First, every country in the globe gets a certain amount of “emigration” points, which constitute a budget for purchasing the right to move to a new country. These points are indexed to the relative rise in average temperature for that country (they would be set at zero for those living in areas least affected by climate change). When an emigration slot is purchased using this budget, the government allocates that slot via a lottery system (perhaps on a family-by-family basis).

On the supply side, countries are free to continue polluting, but the more carbon they emit, the more immigration slots they have to offer up for sale.

Where, might you ask, is the incentive to reduce carbon-emissions? Xenophobia is the key. We (the West) are scared of immigration – the Lou Dobbs and BNPs of the world might be relatively marginal, but they rest upon a deep-seated unease of letting too many outsiders in too quickly.

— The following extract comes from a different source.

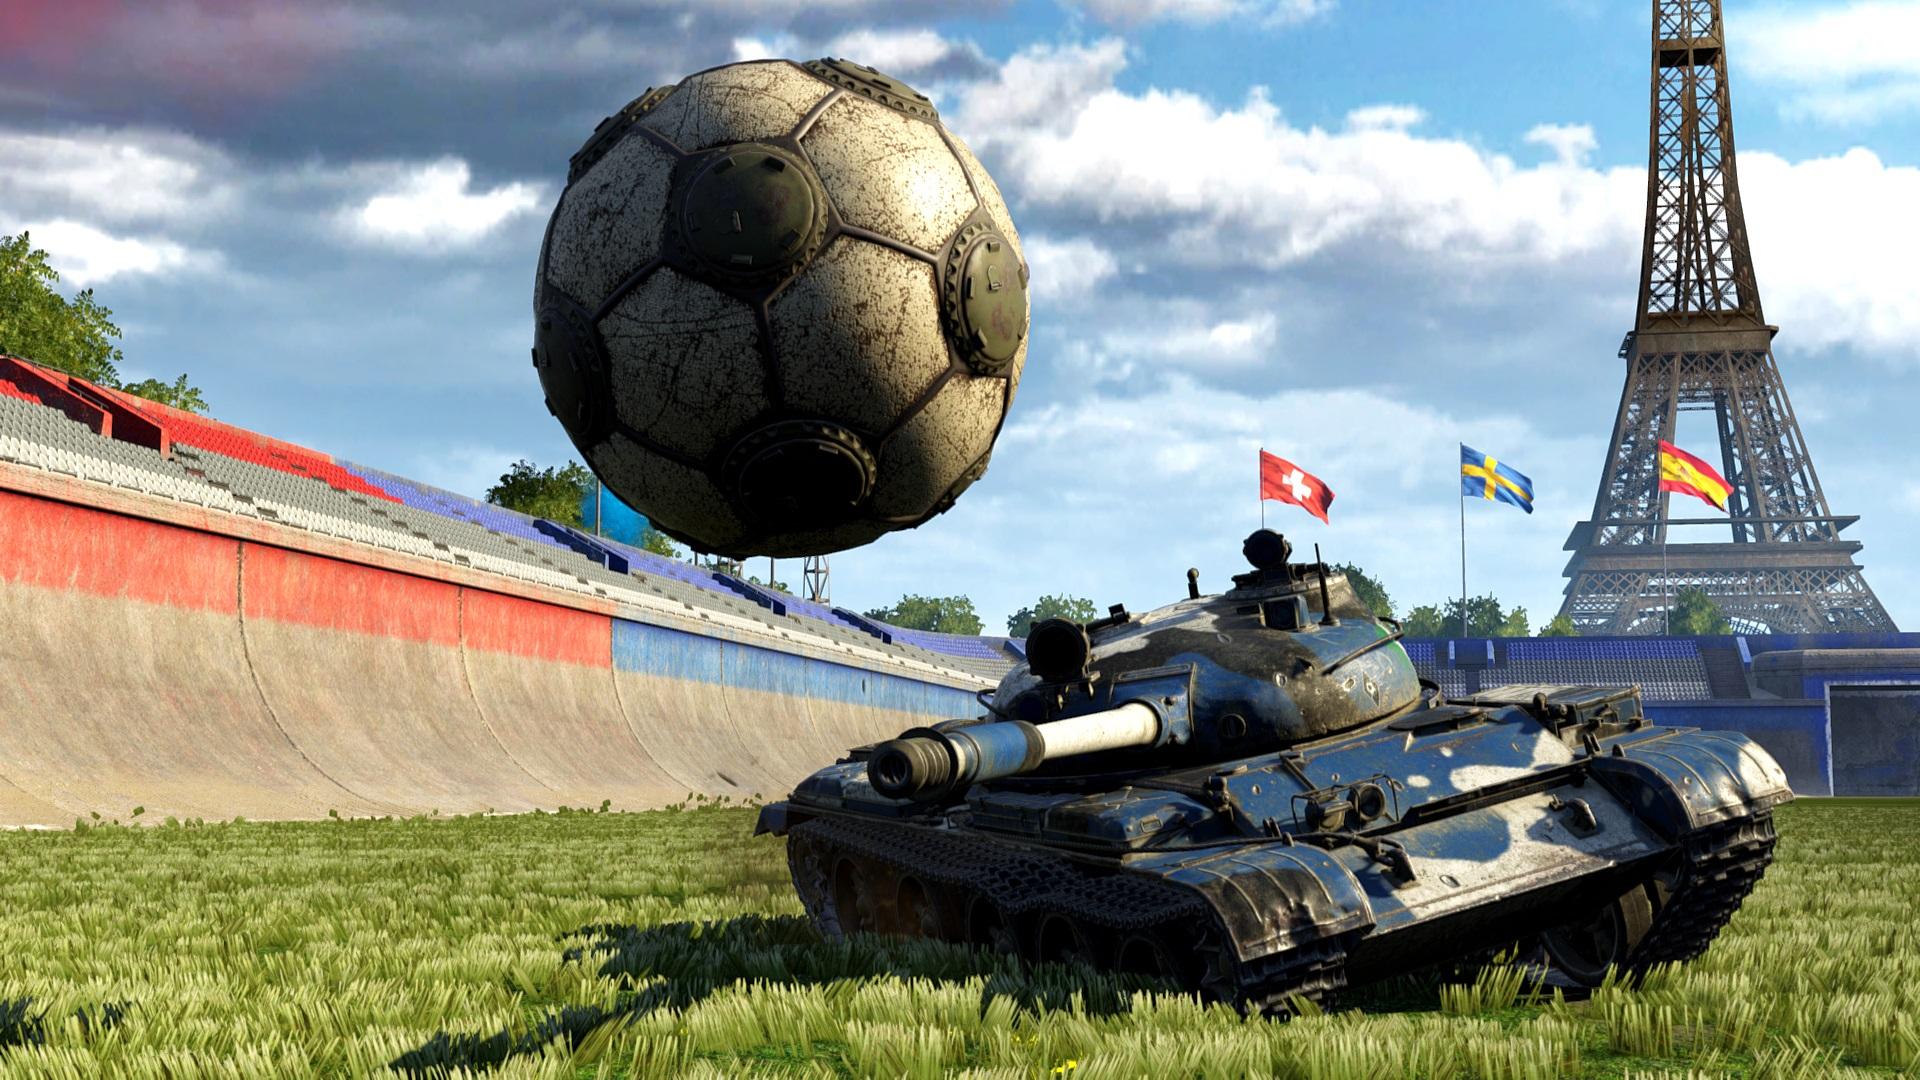 Kreatives Bild Fussball Panzer Gras Eiffelturm 1920x1080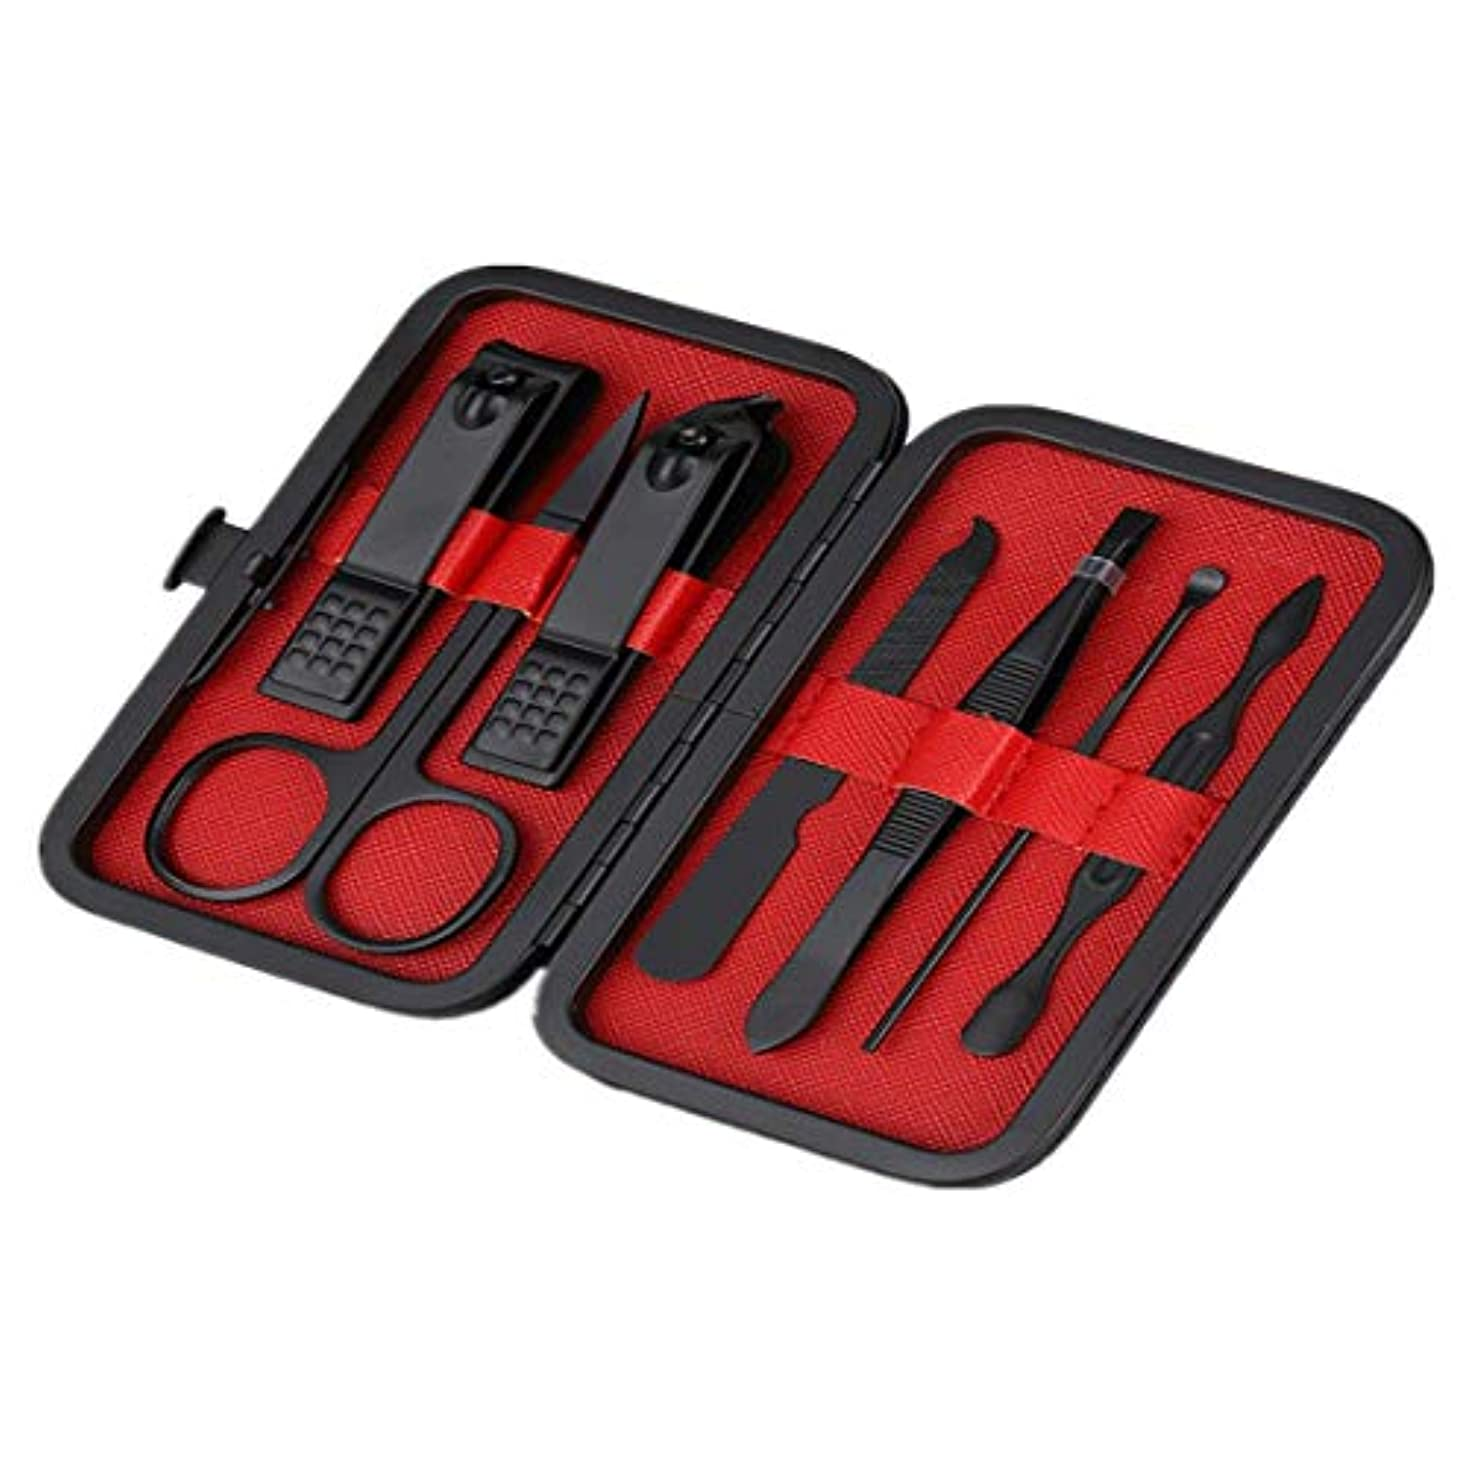 ホールド憎しみ脆いKerwinner ステンレス製の美容ツール、ネイルツール、ネイル、足の爪、アイブロウキット、9/12個、1パックあたり1個 (Color : ZB015)

The political ramifications of excessive immigration (and I’m talking about mass immigration) would act as the shadow price of pollution. If they acted as incentive enough to reduce emissions, then we are ok – disaster averted. If they are not, then the worst polluters must accept those that are the worst effected. It is not a perfect internalisation of the externalities at hand, but it would suffice.

Is this politically feasible? Not in the slightest; it’s only slightly less likely to happen than Lou Dobbs outsourcing his show Guadalajara, but that’s what makes it so fun to think about.